Interfacial Manipulation of Electron Transport Layer via Viologen Surface Treatment for Highly Stable and Efficient Inorganic Perovskite Solar Cells

Abstract

The stability and efficiency of inorganic perovskite solar cells (PSCs) remain limited owing to the presence of interfacial and bulk-related defects. To address this issue, a multifunctional defect-passivating interlayer can be introduced. In this study, 1,1 '-bis(3-sulfonatopropyl)-viologen (BSP-Vi) was synthesized for depositing a multifunctional interlayer between a TiO2 electron transport layer (ETL) and CsPbI3 perovskite absorber. The sulfonate group in BSP-Vi effectively interacts with both oxygen vacancies on the TiO2 surface and undercoordinated Pb2+ species in the perovskite, leading to substantial defect passivation in both the ETL and perovskite absorber.
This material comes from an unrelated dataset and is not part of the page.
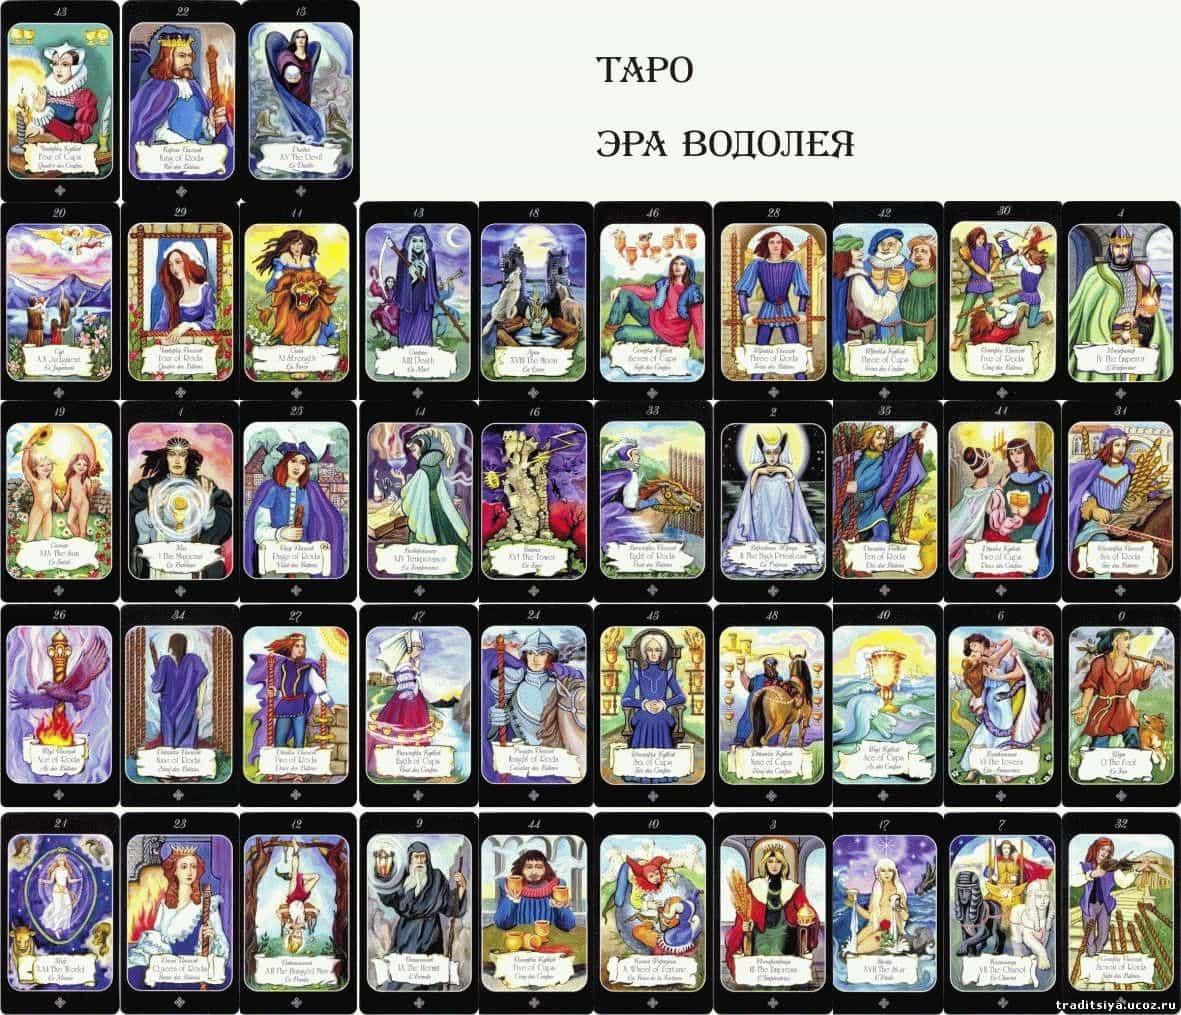 Таро папюса - галерея, значение карт и особенности раскладов

BSP-Vi induces a favorable shift in interfacial energy levels and facilitates the formation of a perovskite film with improved crystallinity and reduced defect density. Consequently, the optimized PSC incorporating 0.2 wt% BSP-Vi achieves a power conversion efficiency (PCE) of 16.93%, representing a marked increase from that of the control (PCE = 16.08%). The maximum power point tracking test demonstrates that the PSC with BSP-Vi-treated interlayer maintained 95% of the initial performance after 160 h of continuous operation. This study highlights the potential of introducing sulfonate-group-based materials at the ETL/perovskite interface as a promising route to simultaneously passivate defects in and enhance the efficiency and stability of inorganic perovskite photovoltaic devices.